Aller au contenu

Page:Voltaire - Œuvres complètes Garnier tome40.djvu/505

La bibliothèque libre.
Le texte de cette page a été corrigé et est conforme au fac-similé.

À propos, madame, digérez-vous ? Je me suis aperçu, après bien des réflexions sur le meilleur des mondes possibles, et sur le petit nombre des élus, qu’on n’est véritablement malheureux que quand on ne digère point.

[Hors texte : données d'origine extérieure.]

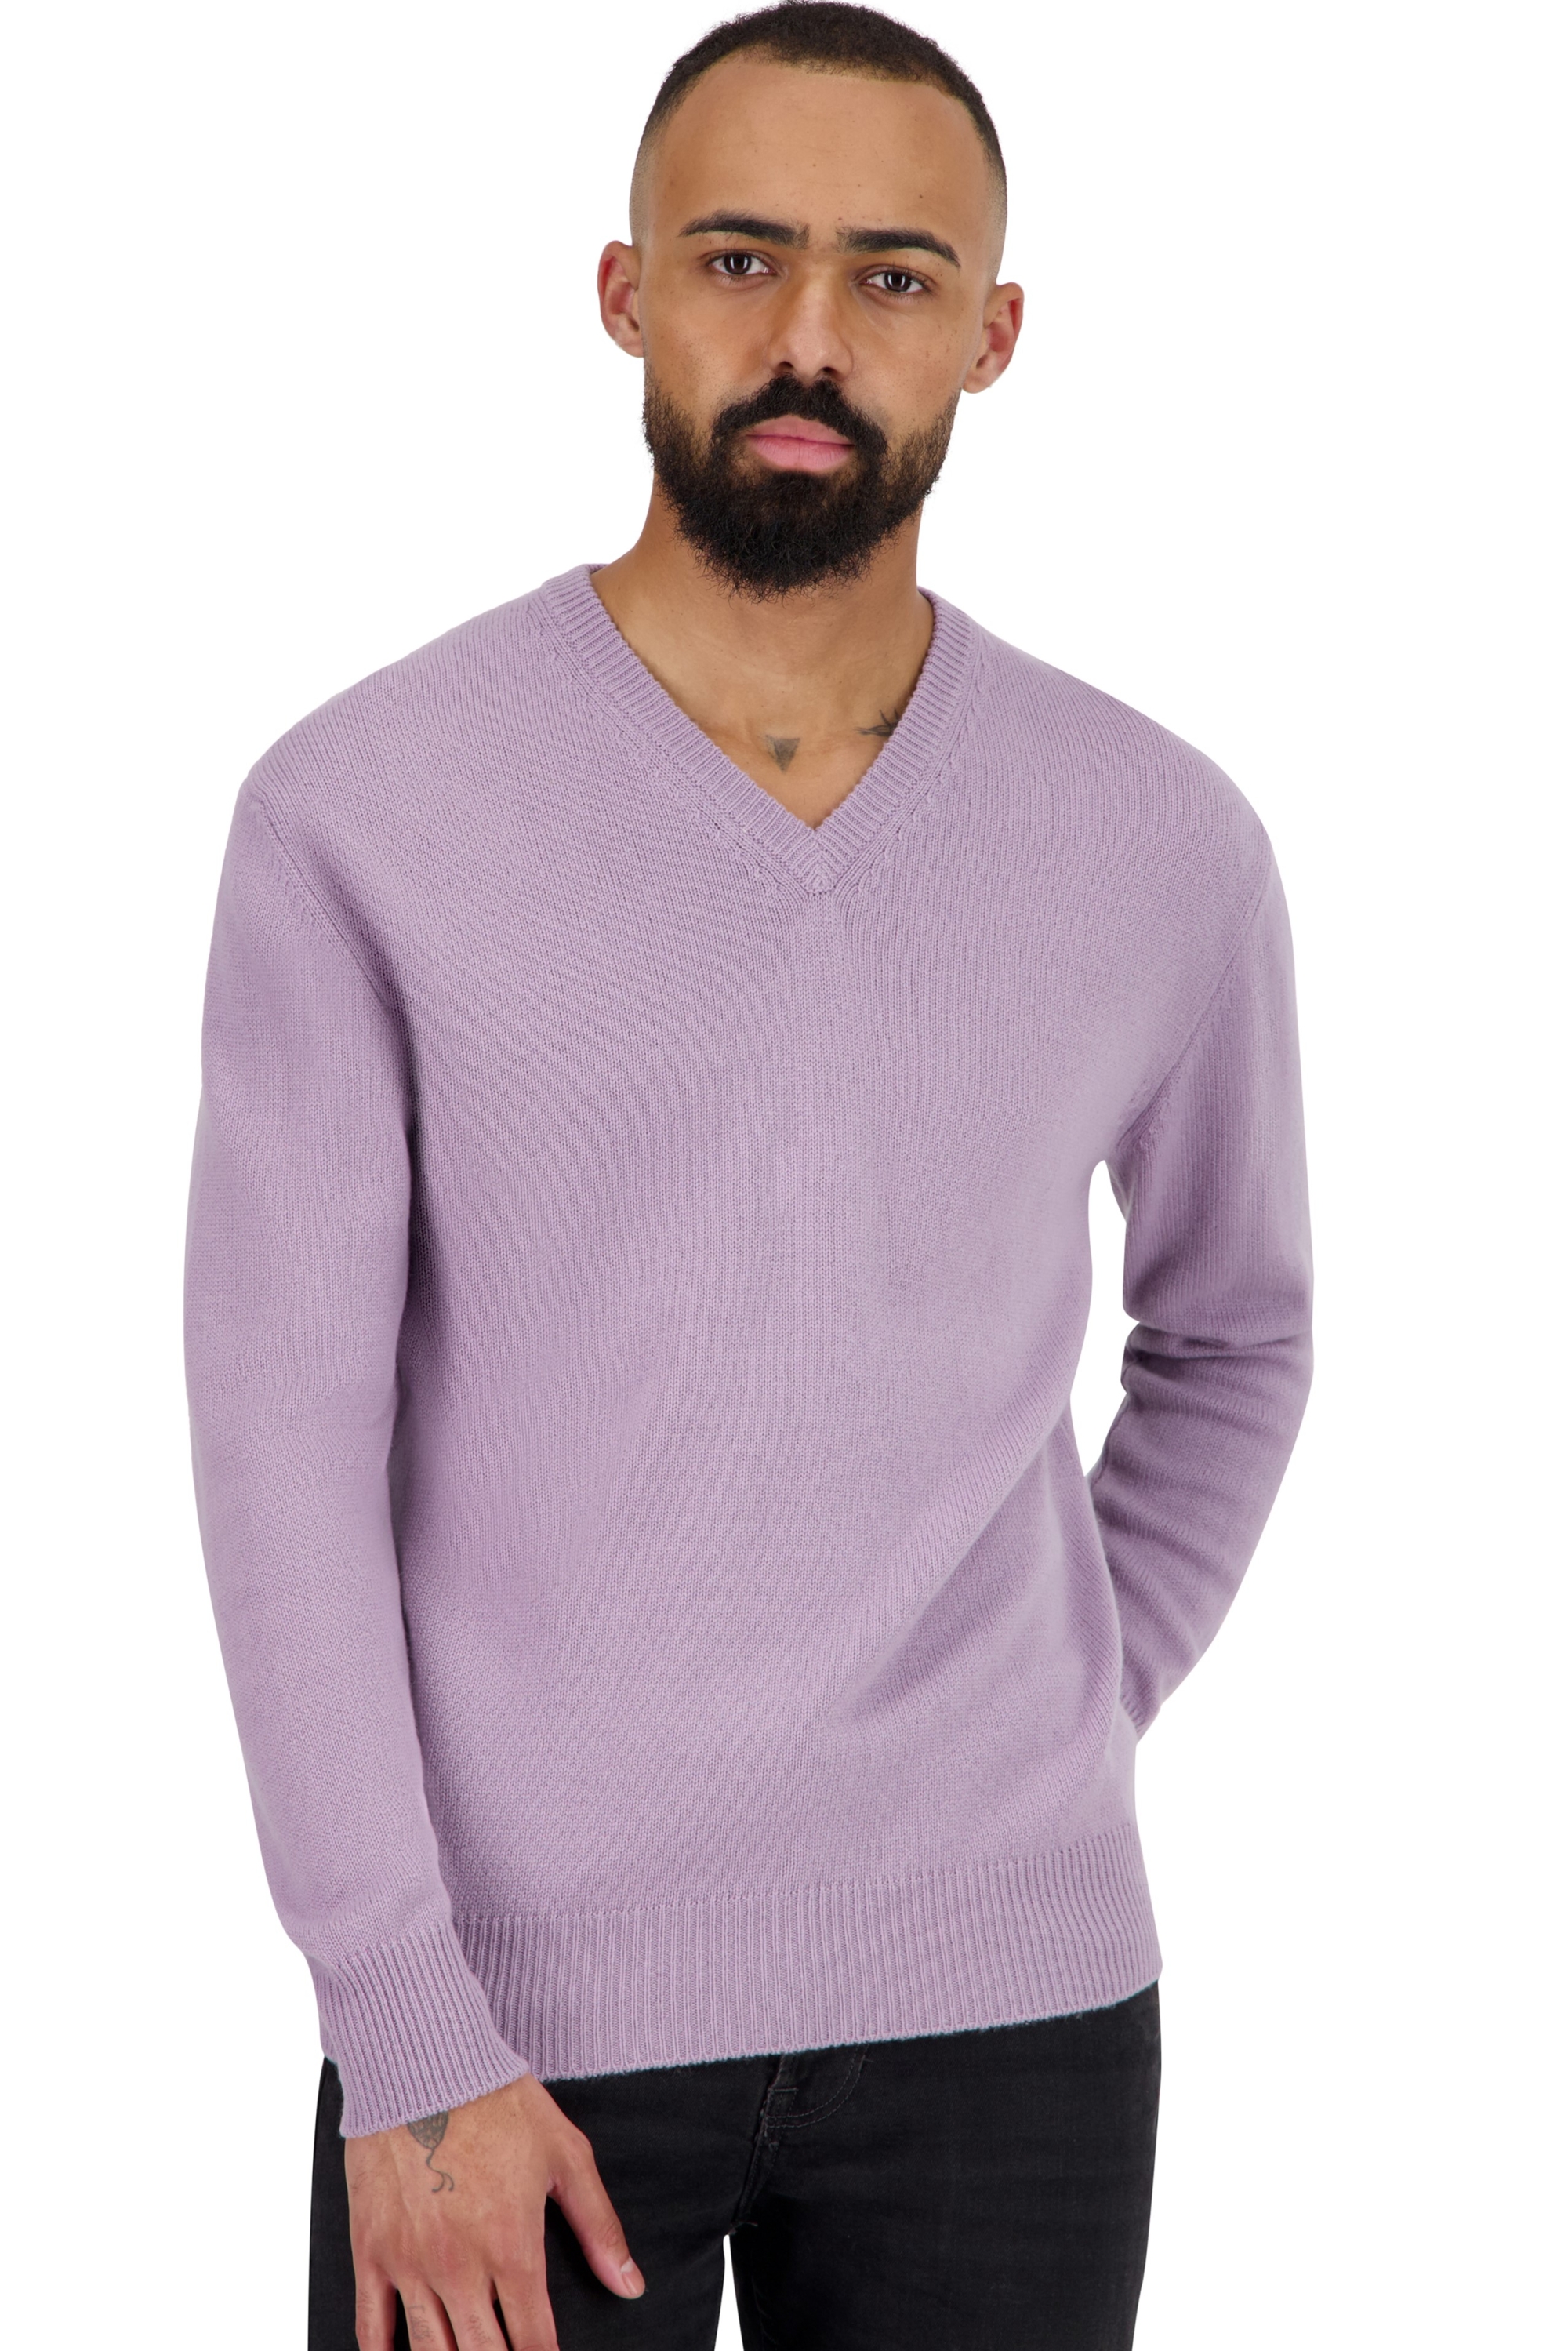 Cashmere men basic sweaters at low prices tour first vintage l

Si vous digérez, vous êtes sauvée dans ce monde ; vous vivrez longtemps et doucement, pourvu surtout que les boulets de canon du prince Ferdinand et des flottes anglaises n’emportent pas le poignet de votre payeur des rentes.

Je n’ai nul rogaton à vous envoyer, et je n’ai plus d’ailleurs d’adresses contre-signantes, tant on se plaît à réformer les abus ! Je suis, de plus, occupé du czar Pierre, matelot, charpentier, législateur, surnommé le Grand. Ayant renoncé à Paris, je me suis enfui aux frontières de la Chine ; mon esprit a plus voyagé que le corps de La Condamine. On dit que ce sourdaud veut être de l’Académie française ; c’est apparemment pour ne pas nous entendre.

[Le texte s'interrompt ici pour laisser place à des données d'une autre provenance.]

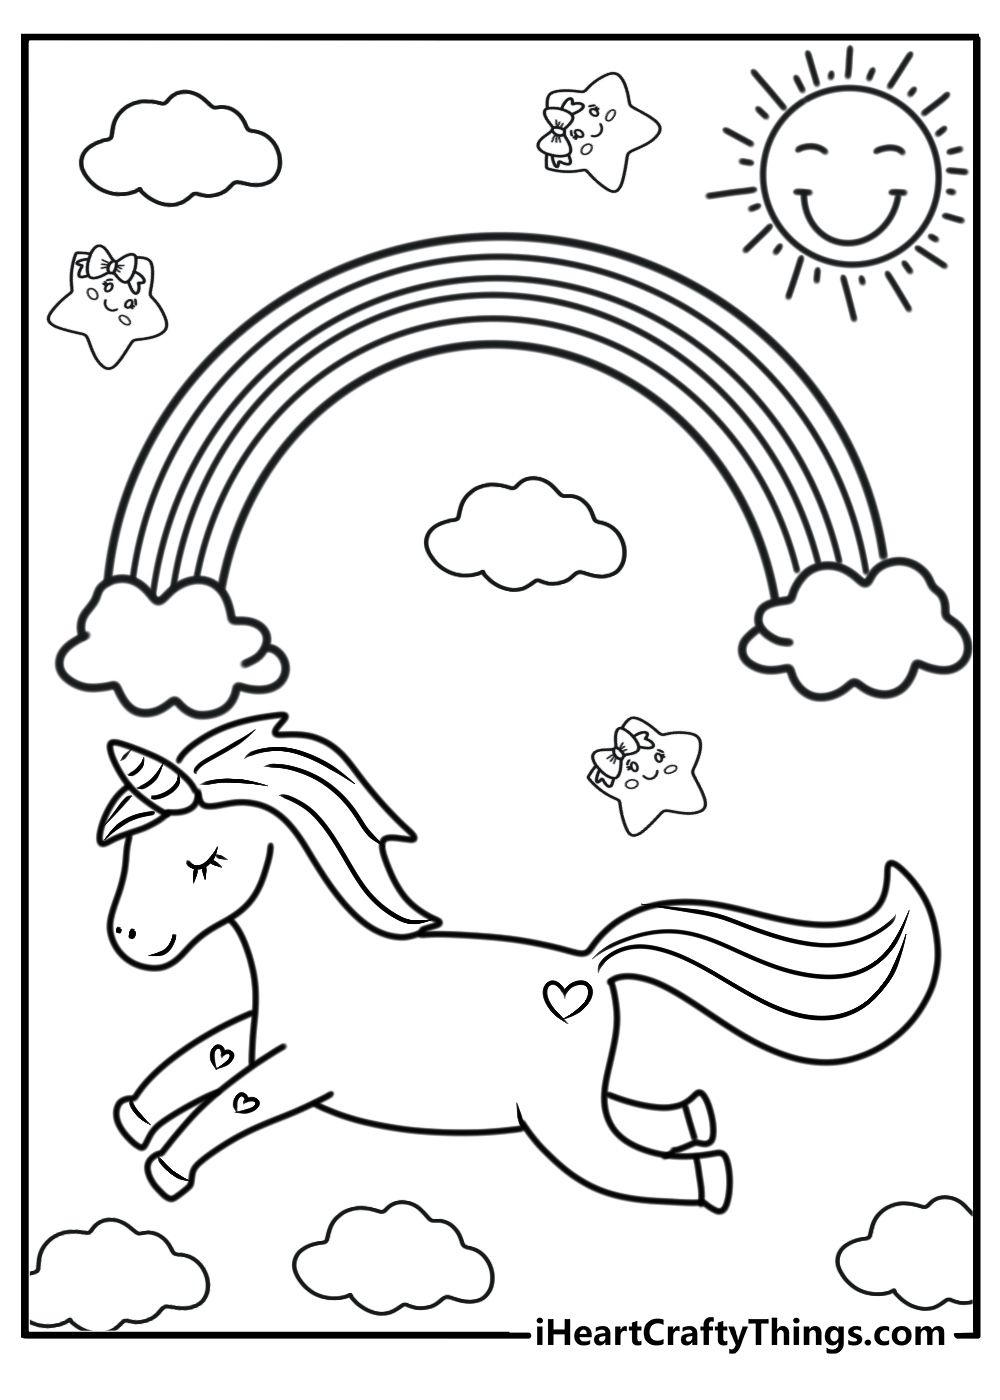 Coloring page of rainbow for toddlers

Heureux ceux qui vous entendent, madame ! Je sens vivement la perte de ce bonheur ; je vous aime, malgré votre goût pour les feuilles de Fréron. On dit que l’Écossaise, en automne, amène la chute des feuilles.

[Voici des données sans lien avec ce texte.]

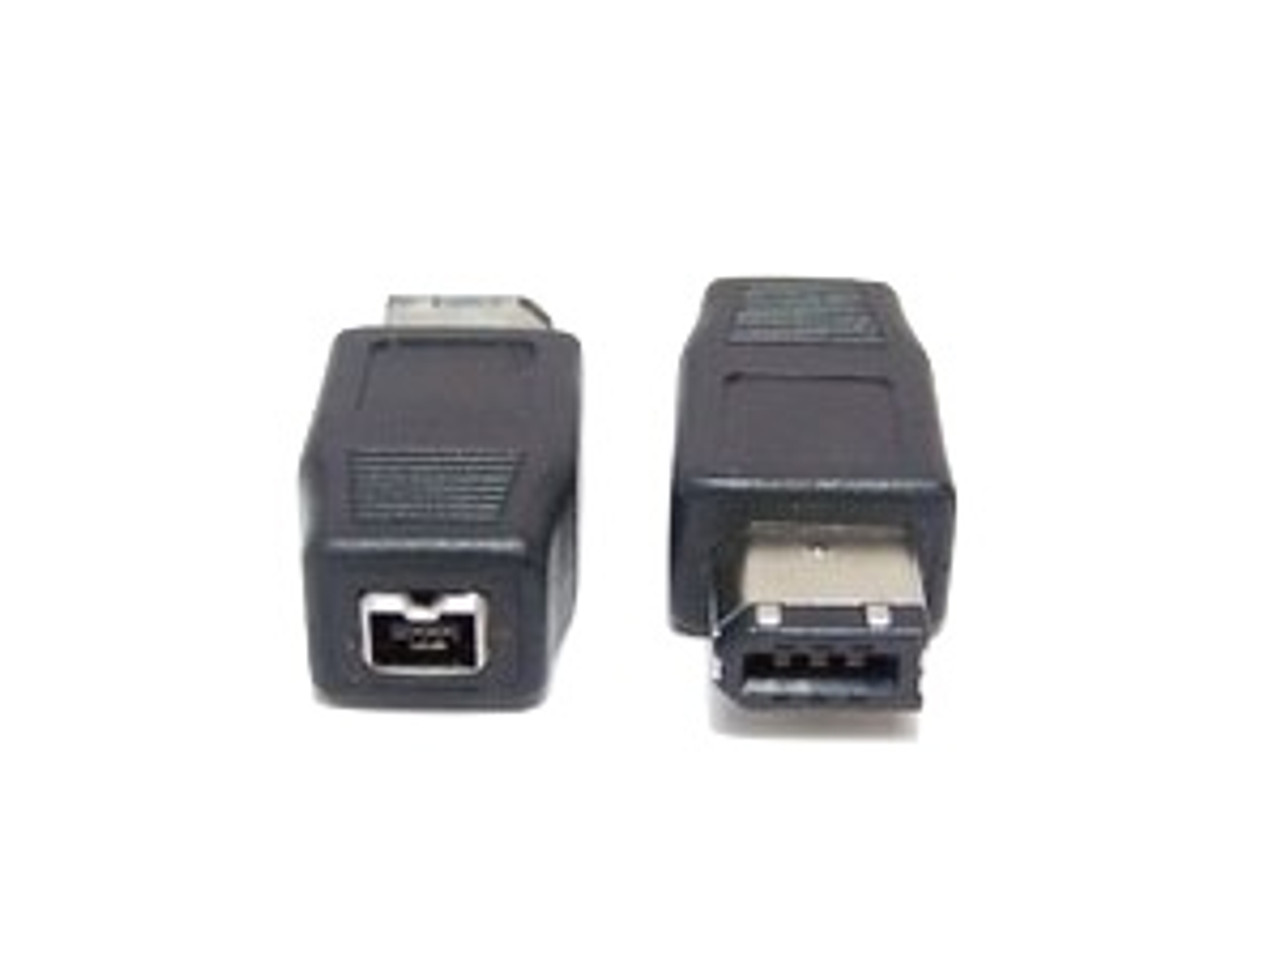 FireWire (IEEE 1394) 6-Pin Male to 4-Pin Female Adapter

Mille tendres et sincères respects.


4216. — À M. LE MARQUIS D’ARGENGE DE DIRAC[1].
Aux Délices, 6 auguste[2].

Je crois, monsieur, avoir plus besoin de M. Tronchin que le jeune homme dont vous me parlez. Ma santé s’affaiblit tous les jours, et c’est ce qui m’a privé de l’honneur de vous répondre plus tôt. Si vous venez dans nos quartiers, le triste état où je suis ne m’empêchera pas de sentir le bonheur de vous posséder. J’ai peur que vous ne soyez bien mal logé dans la petite maison que j’occupe à un demi-quart de lieue de Genève ; mais on tâchera, par toutes les attentions possibles, de suppléer à ce qui nous manque.

Il paraît, par les lettres dont vous m’honorez, que vous n’avez besoin du secours de personne pour mépriser les idées absurdes dont le monde est infatué. Les sottises qui règnent dans la plupart des têtes viennent encore plus de la faiblesse du cœur

  1. Éditeurs, de Cayrol et François.
  2. On remarquera l’emploi du mot auguste pour août.